Human endothelial cells in culture continue to produce an secrete tissue plasminogen activator (tPA) and plasminogen activator (PAI-1 and respond to specific agonists by altering the production of these fibrinolytic proteins. Activation of protein kinase C by phorbol esters is associated with the stimulation tPA antigen secretion and an increase in the level of tPA mRNA. Elevation of cAMP potentiates this response 5 to 10 fold while having no effect on tPA secretion by itself. cAMP has second important effect on endothelial cell fibrinolysis elevated levels suppress the basal rate of PAI-1 secretion and attenuate phorbol ester-induced secretion of PAI-1. Thus cAMP appears to play a pivotol role in establishing a profibrinolytic state in the endothelial cell environment.
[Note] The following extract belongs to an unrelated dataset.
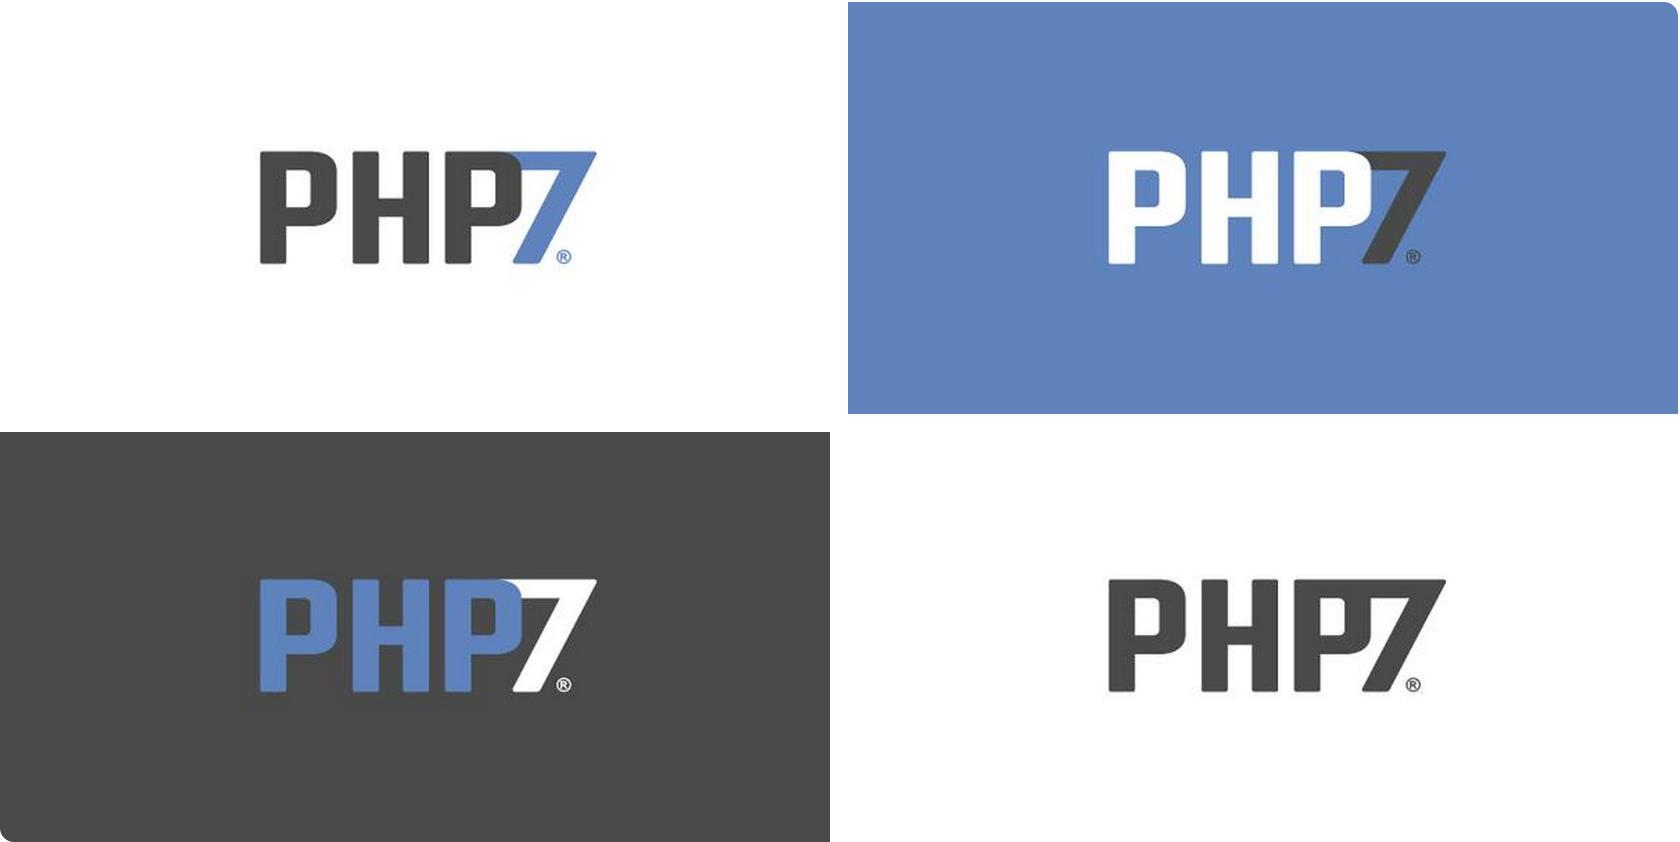 Php7 logo by Vincent Pontier

Evidence also suggests that these two pathways may be involved with stimulation of tPA secretion by more physiological agonists such as histamine and thrombin. Employing human endothelial cells in culture it is the objective of this study to identify and characterize those intracellular pathways that are responsible for responsible-signal coupling in the regulation tPA production and secretion. Emphasis will be placed on the role of the protein kinase C and cAMP pathways and whether they, as suggested by the data, mediate agonist dependent stimulation of tPA secretion. The mechanisms by which tPA mRNA levels are modified, the protein intermediates that are involved following agonist treatment, and the interrelationship between the protein kinase C and cAMP pathways that may explain potentiation or depression of phorbol ester-mediated effects will be examined. The possibility that physiologic agonist control tPA secretion through both protein kinase C cAMP pathways will agonists control tPA secretion through both protein kinase C and cAMP pathways will also be considered. Such studies will also be applied to the depression of PAI-1 secretion by cAMP and the attenuation of phorbol ester induced PAI-1 secretion. These studies will address important and how specific issues dealing with tPA regulation in endothelial cells and how changes in the components of the extracellular environment impact on the level of fibrinolysis in the vascular system.

National Institute of Health (NIH)
National Heart, Lung, and Blood Institute (NHLBI)
Research Project (R01)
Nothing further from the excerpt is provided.